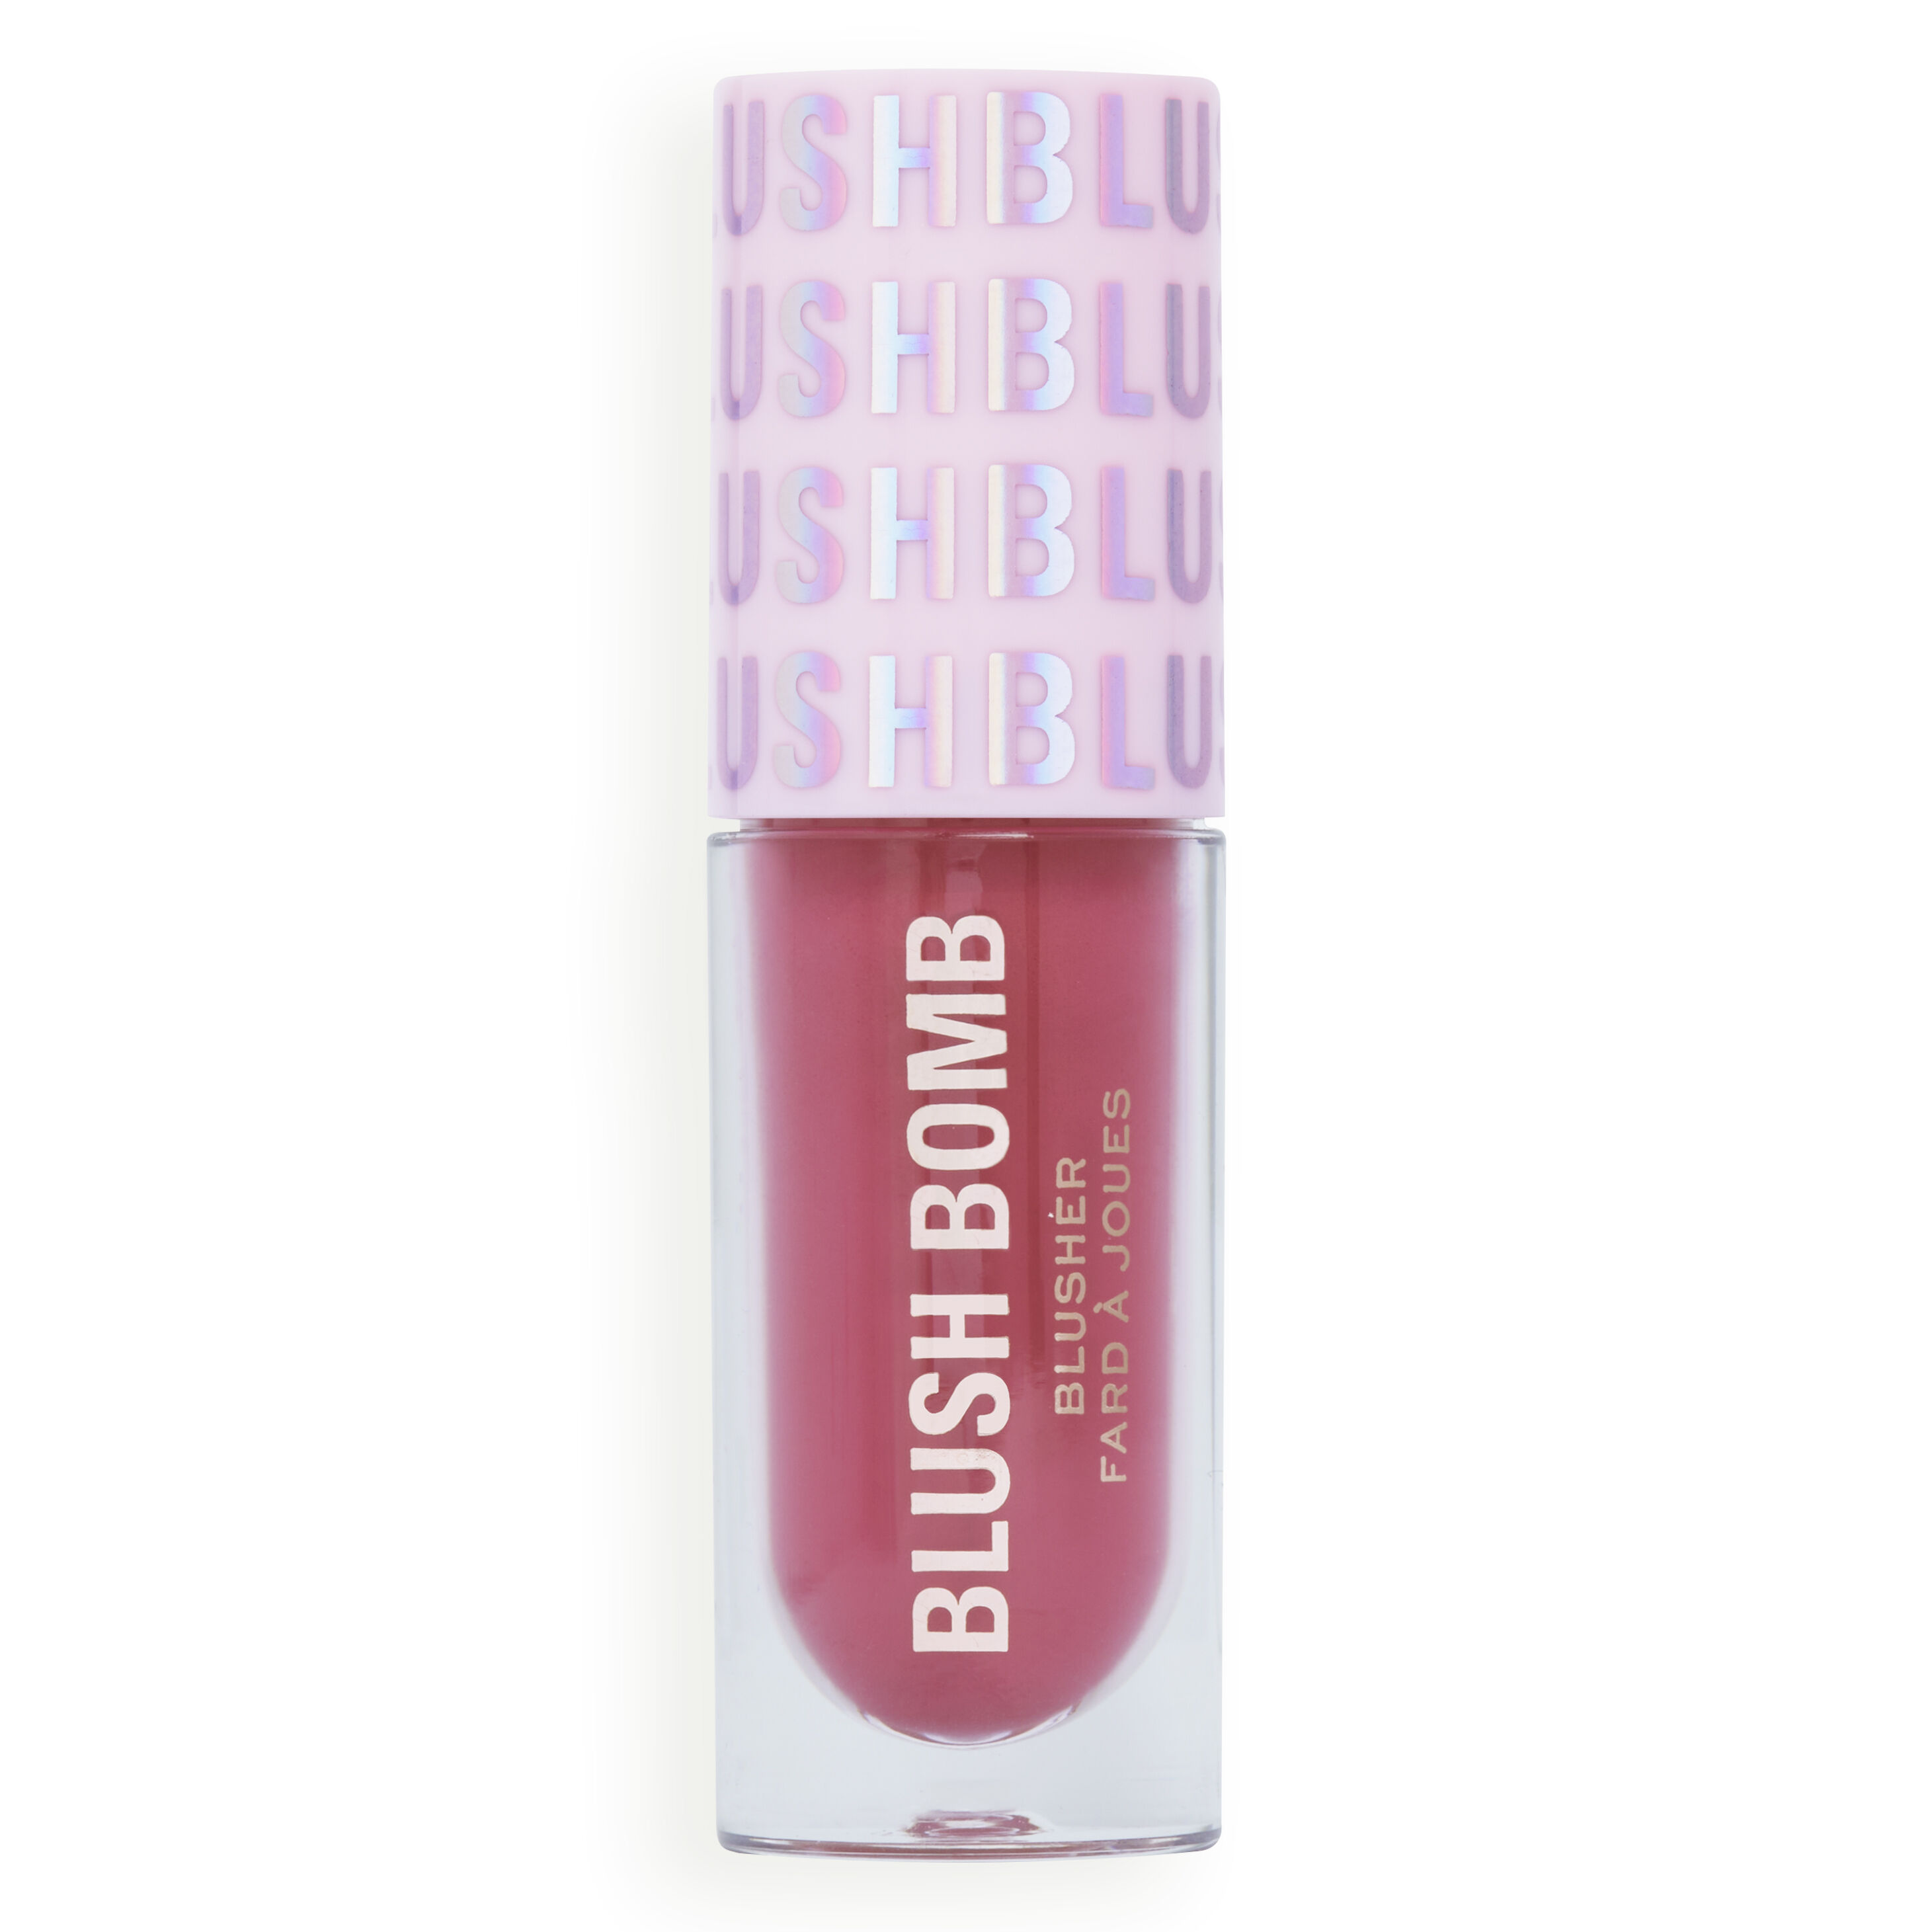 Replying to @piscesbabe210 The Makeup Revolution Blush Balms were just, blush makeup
·····
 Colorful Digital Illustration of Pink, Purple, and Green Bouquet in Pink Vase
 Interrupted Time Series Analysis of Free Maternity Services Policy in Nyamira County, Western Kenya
·····
- WHAT IS BEING ASKED: Look above for the line holding "Colorful Digital Illustration" and the line holding "Interrupted Time Series", then output exactly those two lines and every line between them, nothing more.

- RESULT FOR THIS EXERCISE:
 Colorful Digital Illustration of Pink, Purple, and Green Bouquet in Pink Vase
 Interrupted Time Series Analysis of Free Maternity Services Policy in Nyamira County, Western Kenya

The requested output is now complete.